Son Volt The Search (Transmit Sound/Legacy)
Untitled Document The Search, Son Volt’s fifth album, doesn’t shy away from heavy subjects. Among its themes are stem-cell research, FBI wiretapping, global warming, gentrification, war profiteering, and methamphetamine addiction — not exactly a recipe for cheer and also no great surprise to anyone at all familiar with Jay Farrar, the band’s singer, songwriter, and only original member. Even in his twenties, during those heady Uncle Tupelo days, he was a serious guy. When he sang about getting drunk, it wasn’t some frat-boy Dionysus getting wasted at the kegger; it was a black-lunged old stoic self-anesthetizing at the corner tavern. If anything, Farrar, now 40, has only lightened up in recent years, which, admittedly, is an odd thing to say about a man who recently released a record called Death Songs for the Living. With apologies to Bob Dylan, he was so much older then; he’s younger than that now. What makes The Search so remarkable isn’t its heaviness but instead its hopefulness: the forthright assertion emerging from a flurry of obliquities; the major third that lands, light as a shaft of sunlight, right smack in the threnodic thicket. “The Picture,” the album’s first single, pits Stax-inspired horns against a series of gloomy bulletins: “Hurricanes in December — earthquakes in the heartland/Bad air index on a flashing warning sign/Bound for trouble — the picture is dirty.” And yet the “The Picture” doesn’t sound dirty; with its sassy horn chart, Byrdsian guitar chime, and sprightly vocal melody, it sounds like Saturday in the park on a summer afternoon. At most, the chorus — “We’ll know when we get there/If we’ll find mercy” — is cautiously optimistic (emphasis on the “cautiously”), but that’s only if you’re reading it. Hearing the same words sung, you can’t help but understand “mercy” as a promise rather than a possibility. Conversely, the slow, synth-washed “Phosphate Skin,” sounds much sadder than it is; Farrar’s voice is so doleful, the fake strings so somber, that it’s almost startling to encounter lines such as “The daily drag makes you stronger” and “It can only get better from here.”

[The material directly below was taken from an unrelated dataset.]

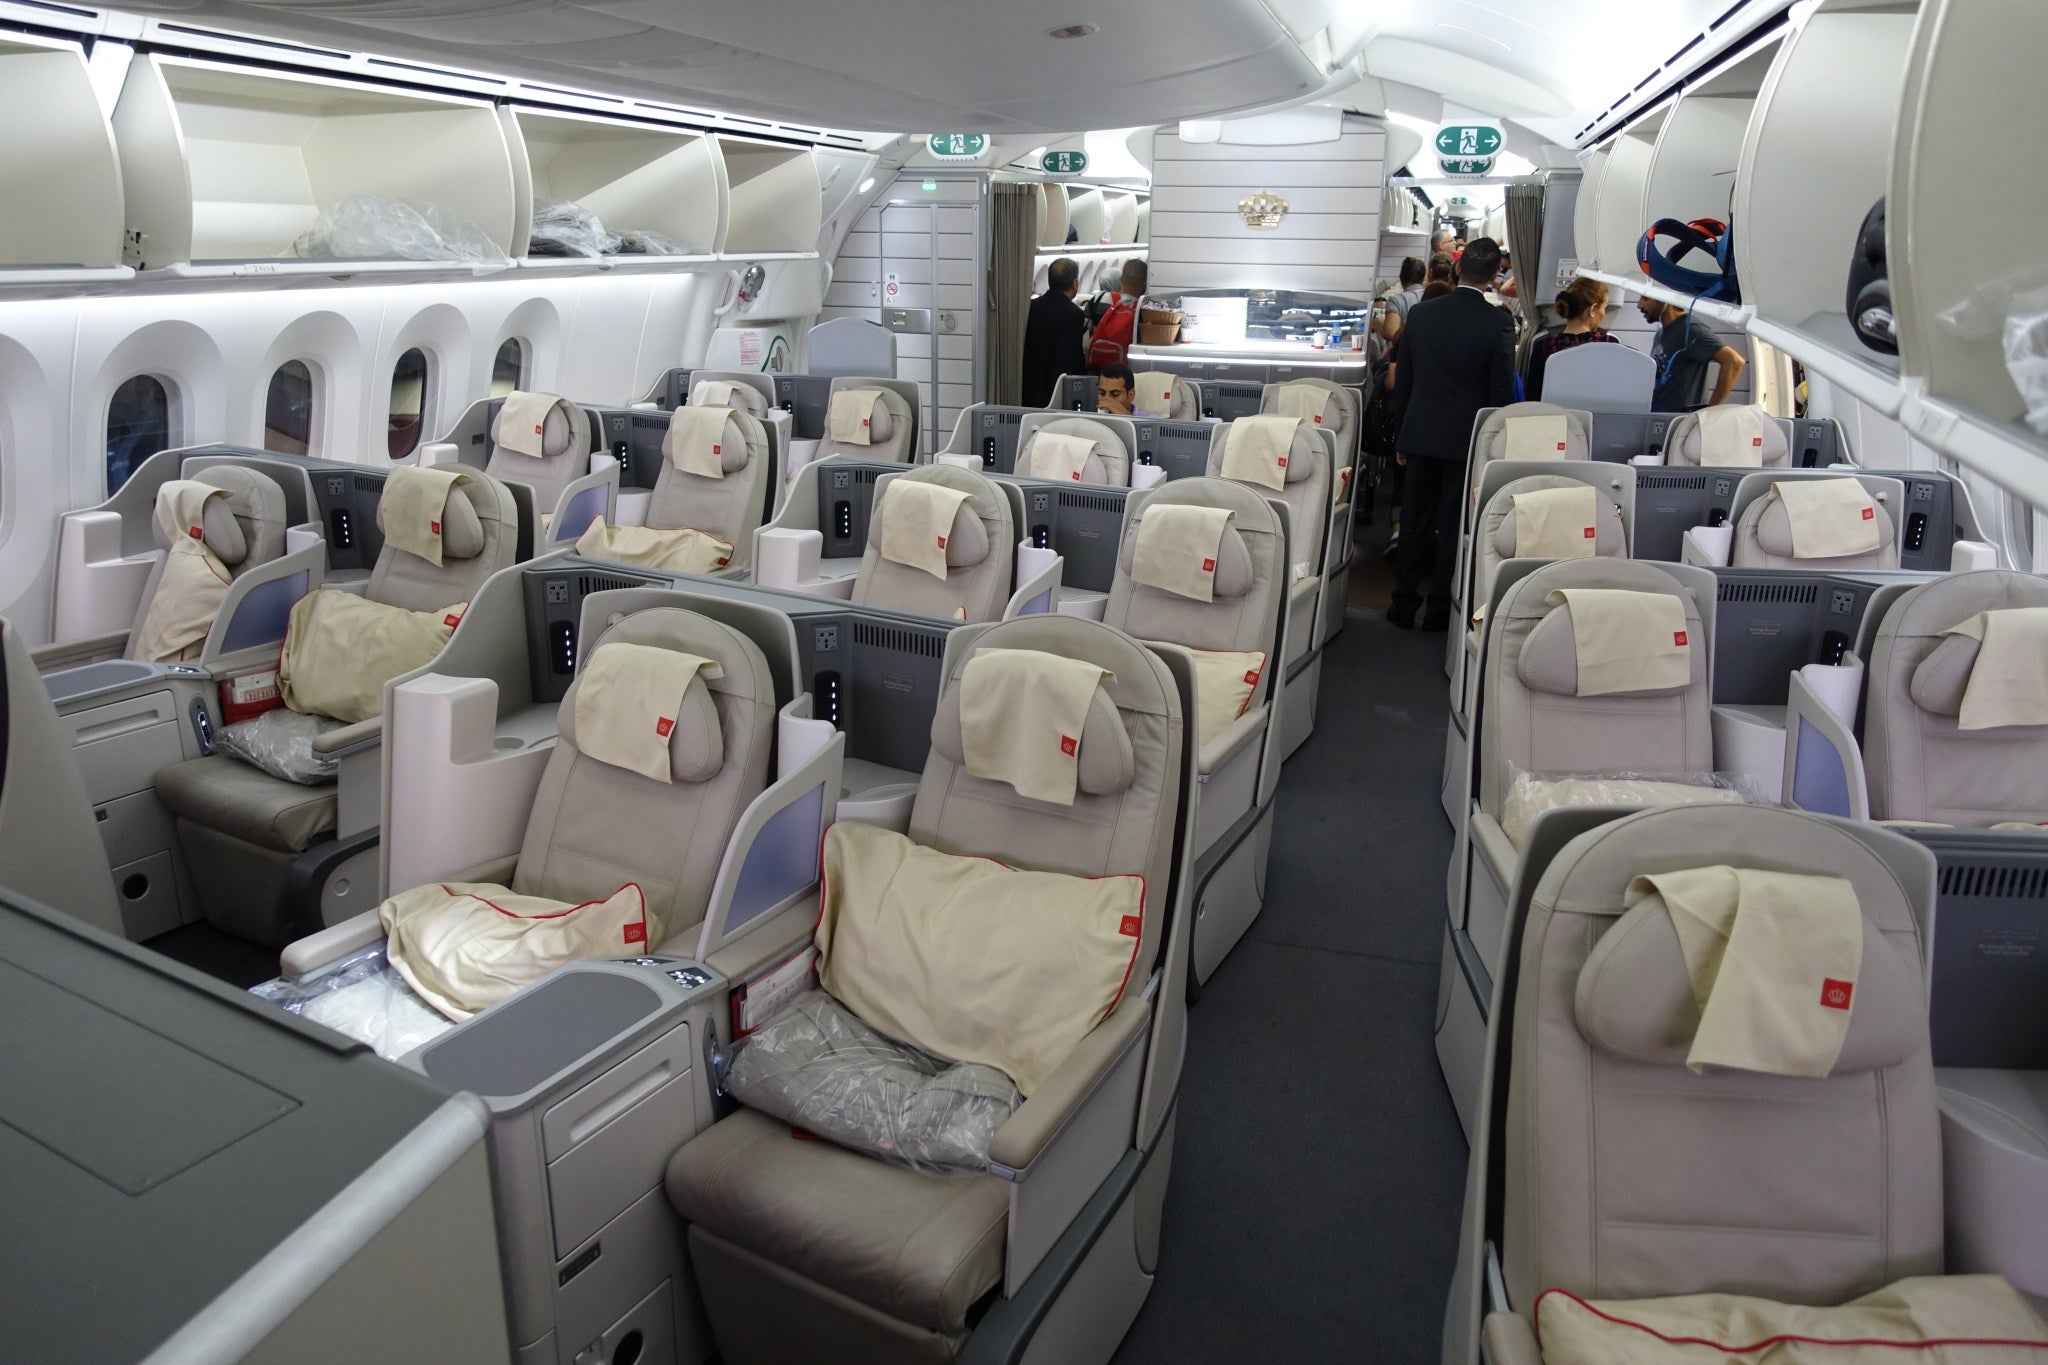 Business class on Royal Jordanian's Boeing 787. (Photo by Brendan Dorsey / The Points Guy)

The Search is the second offering from the second iteration of Son Volt, which finds Farrar in the company of lead guitarist Brad Rice, bassist Andrew Duplantis, drummer Dave Bryson, and keyboardist Derry deBorja, who joined the group after 2005’s Okemah and the Melody of Riot. Whether it’s a result of deBorja’s presence or simply the band’s collective experience is impossible to say, but the orchestration has never been richer. Whereas Okemah was unabashedly guitar-centric, bristling with tube-amp crackle and bite, The Search is stranger and subtler, yielding a panoply of sonic effects. Farrar pulls out the electric bouzouki, Rice wields an electric sitar and e-bow, and, for those diehard Trace loyalists, special guest Eric Heywood ups the twang ante with weepy pedal steel. Singer Shannon McNally even plays Emmylou Harris to Farrar’s Gram Parsons on the lovely close-harmony duet “Highways and Cigarettes,” another song that’s sure to impress fans of the first Son Volt. Even better, though, are the surprises. Opening cut “Slow Hearse” blends elegiac piano with Indian-flavored guitars, and “Action” blurs the line between raga drone and Delta moan. “Circadian Rhythm,” an exercise in psych-roots extravagance, drizzles organ shimmer over spiky backward-guitar loops. The melancholy piano ballad “Adrenaline and Heresy” suddenly sprouts drums for its driving coda, and the ravishing “Underground Dream” melts icy synths into warm arpeggiated guitars. “It’s the search, not the find,” Farrar sings on the title track, the closest he’ll ever get to a personal manifesto. If The Search is any indication, let’s hope he never quits looking.